I predicted that all the results will end up the same but the ones that actually finished did not end up at the same point, but they were slightly
higher or lower than each other. This is because of some slightly changing variables around the room and in the experiment even though I tried my best to keep the variables constant. Some results around the middle were found to be slightly affected with slight anomalies little bumps in the line, but these were minor and the line was mainly smooth.
I also said that I thought the reaction doubles with the concentration, but I found out from the gradients that it approximately quadruples when the concentration doubles. Other than that my prediction follows well with the facts. The lowest concentration (0.5M) had a very low reaction rate that it did not even reach very far up on the graph. This tells me that there is a significant change even when I decrease the concentration by 0.5M.
I feel that I could have done more experiments and make a smoother graph of the average. The largest difference in my results, on the 2M concentration for the same time, was 5cm3 apart which is a 50% error, but the average seemed to be near enough to be in the trend of results. This was probably by not putting on the bung fast enough when the magnesium was inserted into the acid. On the faster reactions the syringe level moves quite fast and reading from a moving object can be hard, so (if it was available) a data logger (attached to a computer) should have been used to read the data and record it to the nearest 0.5cm3 or even less, to get very accurate results. Even still there are other affecting variables that are very hard to keep constant so it would have been helpful to repeat the experiment again or even more.

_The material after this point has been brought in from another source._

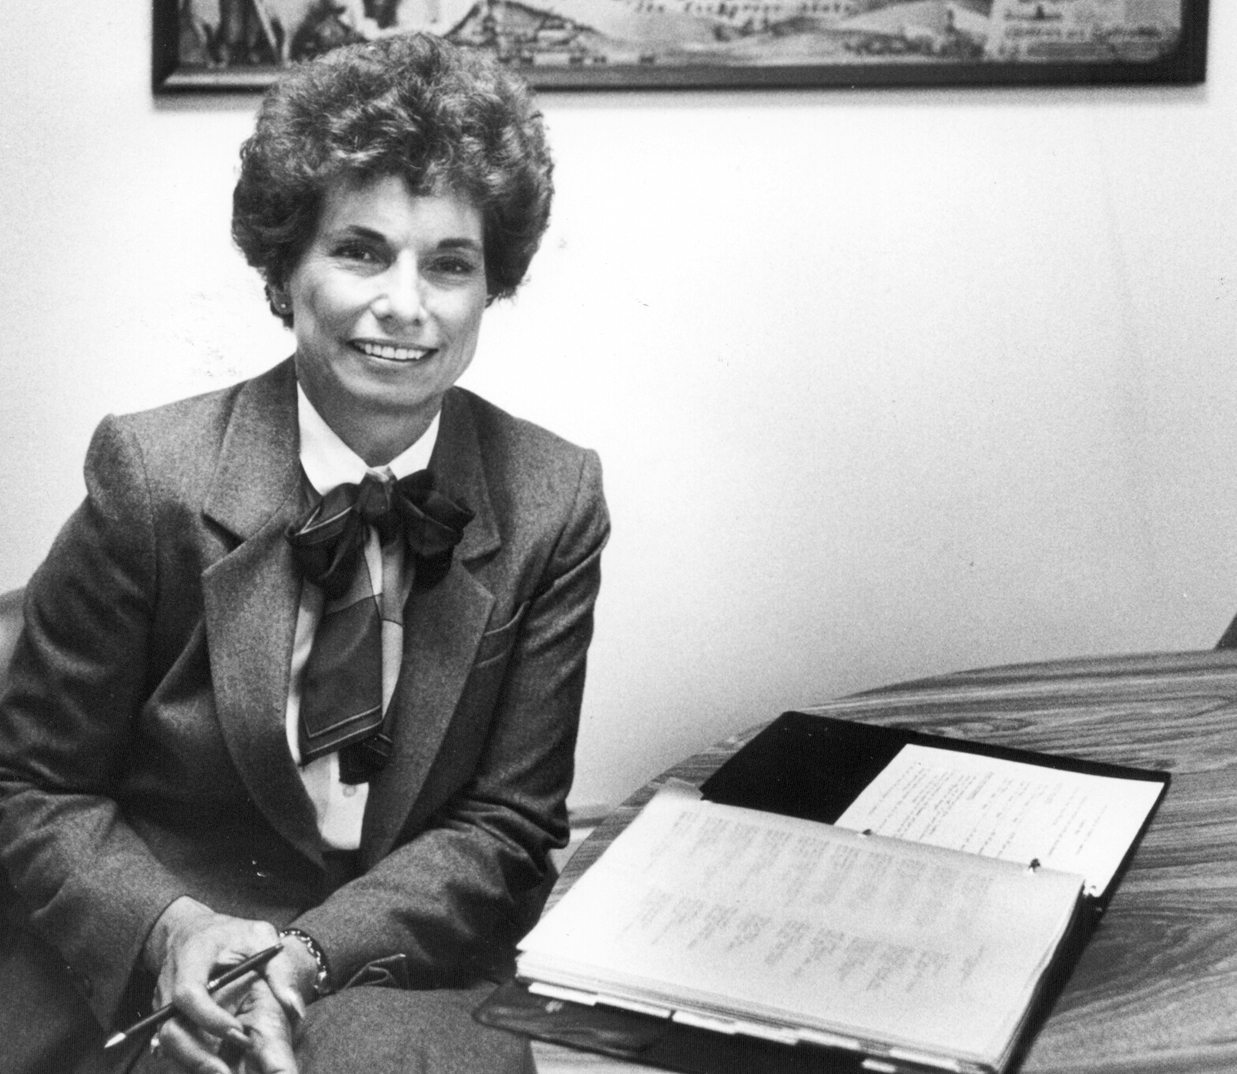 Donna Cantonwine at the Vancouver Chamber of Commerce - since renamed the Greater Vancouver Chamber of Commerce - in a 1986 portrait.
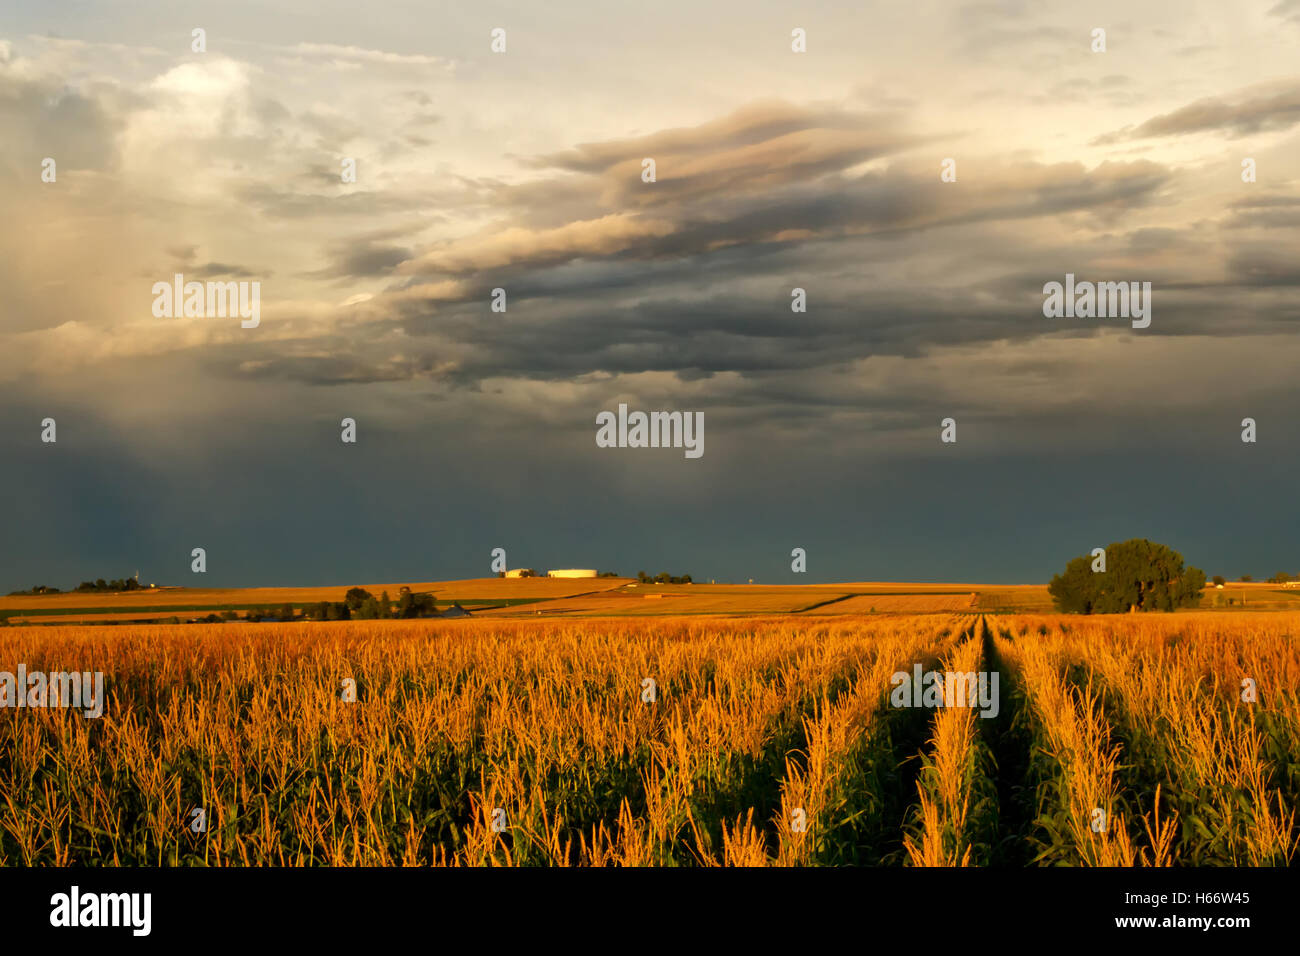 Violent storm clouds over a corn field at sunset Stock Photo

The syringe could have stuck on the barrel around it giving me lower readings on curtain points or when the reaction stopped. I should have put some lubricant around it to stop this from possibly happening.
I could test the concentrations for the ones in between like 0.25 and 0.75 to see how the rate of reaction changes. I could also change the acid reactant to sulphuric acid or phosphoric acid to see and compare the results with different molecular make-ups. The other reactant that I could change is the type of metal I use. Using the less reactive metals like zinc, aluminium, iron or lead enables me to test the higher concentrations like 3M or 4M because the reaction will go slower so I will be able to read the results off the syringe properly.